下面结合本发明实施例提供的终端设备的结构,对本发明做进一步的介绍。
图2为本发明实施例提供的一种终端设备结构示意图。如图2所示,本发明实施例涉及的终端设备100包括:应用程序(Application,APP)111(第一应用程序)、媒体服务模块120、音频拦截服务模块130、以及行为分析模块140(可以是第二应用程序,也可是操作系统系统的服务,还可是其他应用程序)。在本发明实施例中,媒体服务模块120、音频拦截服务模块130可为运行在终端设备100上的操作系统提供的服务,运行在终端设备100上的APP111可通过调用操作系统提供的API(Application Programming Interface, 应用程序编程接口),可调用API对应的服务。另外,还可以包括网络通话(Voice over Internet Protocol,VoIP)模块112(例如,VoIP模块112可以为第一应用程序),VoIP模块112可由运行在终端设备100上的操作系统提供。
媒体服务模块120可以用于对多种格式的音频数据源进行解码得到音轨数据,并对音轨数据进行混音后传输给硬件抽象层。其中,媒体服务模块120可以包括音频处理模块121、音轨模块122以及混音模块123。音频数据源包括多种格式,终端设备100通过操作系统提供的一个或多个音频处理模块121可对不同格式的音频数据源进行处理得到音轨数据(也就是实现图1所示的将音频数据源经过解码器得到音轨数据的过程),并提供给音轨模块122,音轨模块122将音轨数据提供给混音模块123,由混音模块123进行混音后,驱动硬件进行播放。其中,音轨模块122输出的为独立的音轨数据,混音模块123输出的为把所有的独立的音轨数据的混音后的音轨数据。

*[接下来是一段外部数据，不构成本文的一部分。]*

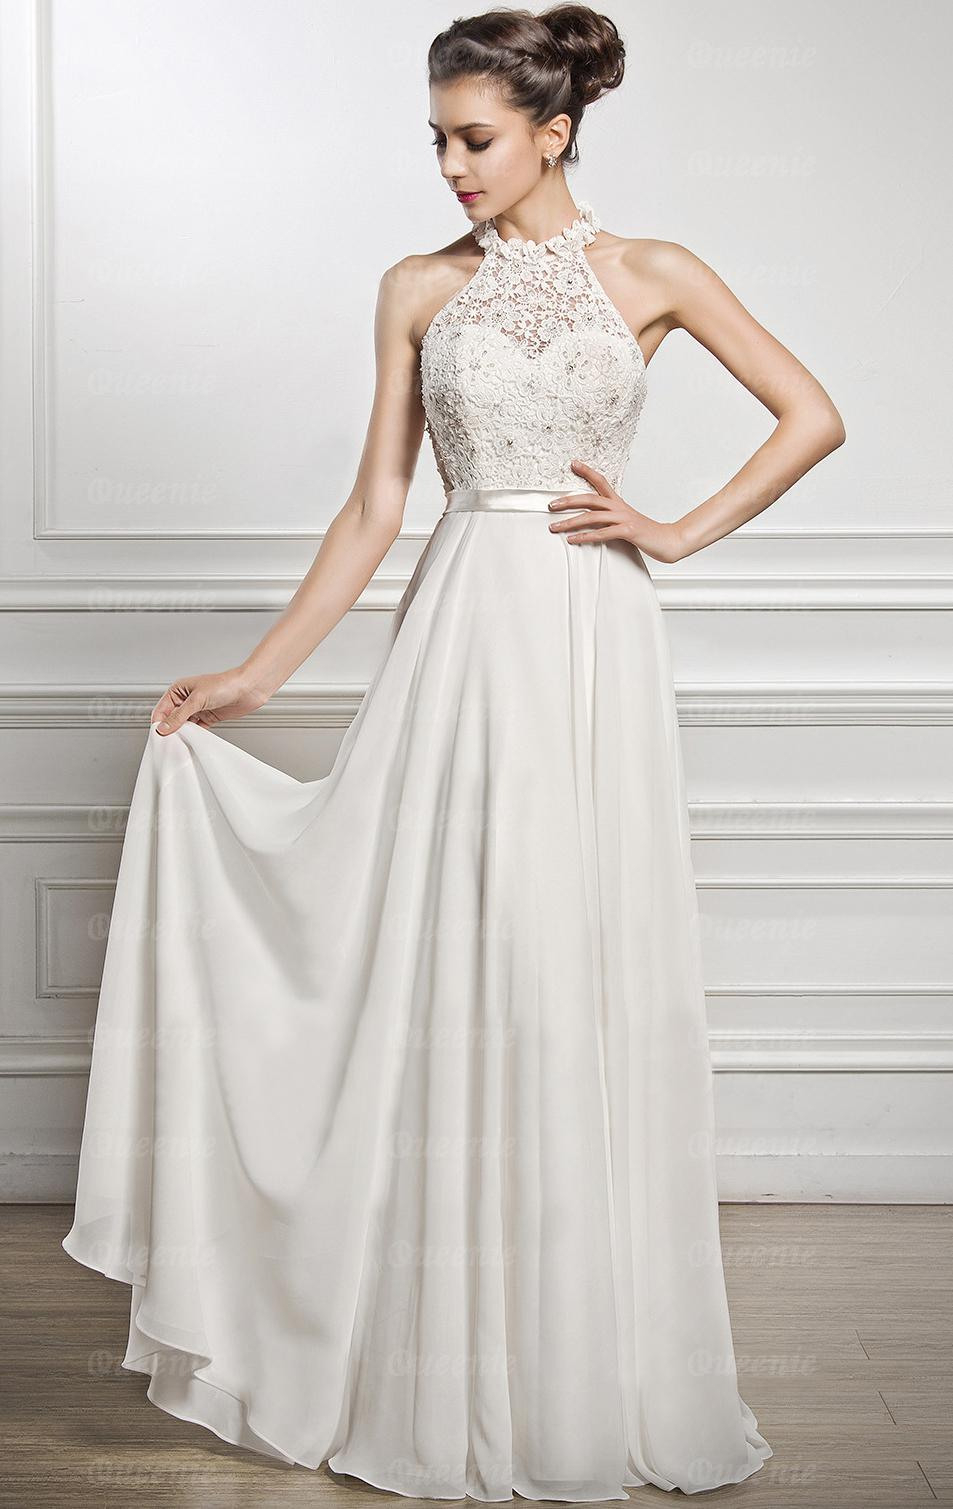 Formal Perfekt Abendkleider Weiß Ärmel20 Spektakulär Abendkleider Weiß Boutique

例如,终端设备100可提供用于播放电话信号音、音频或视频文件、流媒体、游戏音效、按键音、与视频同步的音频、与游戏动画交互的音效以及利用麦克风录音等类型的音频数据源的音频处理模块,不同类型的音频数据源可对应不同的编码格式。还例如,在Android OS中提供了,ToneGenerator(音调发生器)用于播放电话信号音;MediaPlayer(媒体播放器)用于播放音频、视频文件以及流媒体;SoundPool(声池)能够低延时播放,可用于播放游戏音效或按键音;AudioPlayer(音频播放器)可用于与视频同步的音频播放;JetPlayer(一种音频播放器)用于播放JETEngine音效,可以与游戏动画交互;AudioRecord用于控制MIC录音。
APP111可通过调用这些模块,通过操作系统来播放需要播放的音频数据源。VoIP模块112一般为操作系统提供的服务,其可将从网络侧接收到的音频数据源直接通过操作系统来实现播放。操作系统也可直接播放需要播放的音频数据源,例如,通过MediaPlayer(系统默认的播放器)来播放音频。
终端设备在利用上述音频处理模块121播放音频数据源时,终端设备需 创建音轨模块(例如,Android OS中的AudioTrack)122来播放音频数据源,具体地,音频处理模块121创建音频解码器以及音轨模块122,通过音频解码器对音频数据源进行解码得到脉冲编码调制(Pulse Code Modulation,PCM)码流,该PCM码流即为音轨数据,通过混音模块123对音轨数据进行混音等的处理后,再经过数模转换器进行转换后由扬声器播放。
应用程序111或VoIP模块112也可直接对音频数据源进行解码得到音轨数据,此种情况下,终端设备也需要创建音轨模块122,利用音轨模块122来进行播放。例如,在利用VoIP模块112进行网络通话时,终端设备接收到来自网络(例如,移动通信网)的音频数据源,由VoIP模块112创建解码器,将该音频数据源解码后得到音轨数据。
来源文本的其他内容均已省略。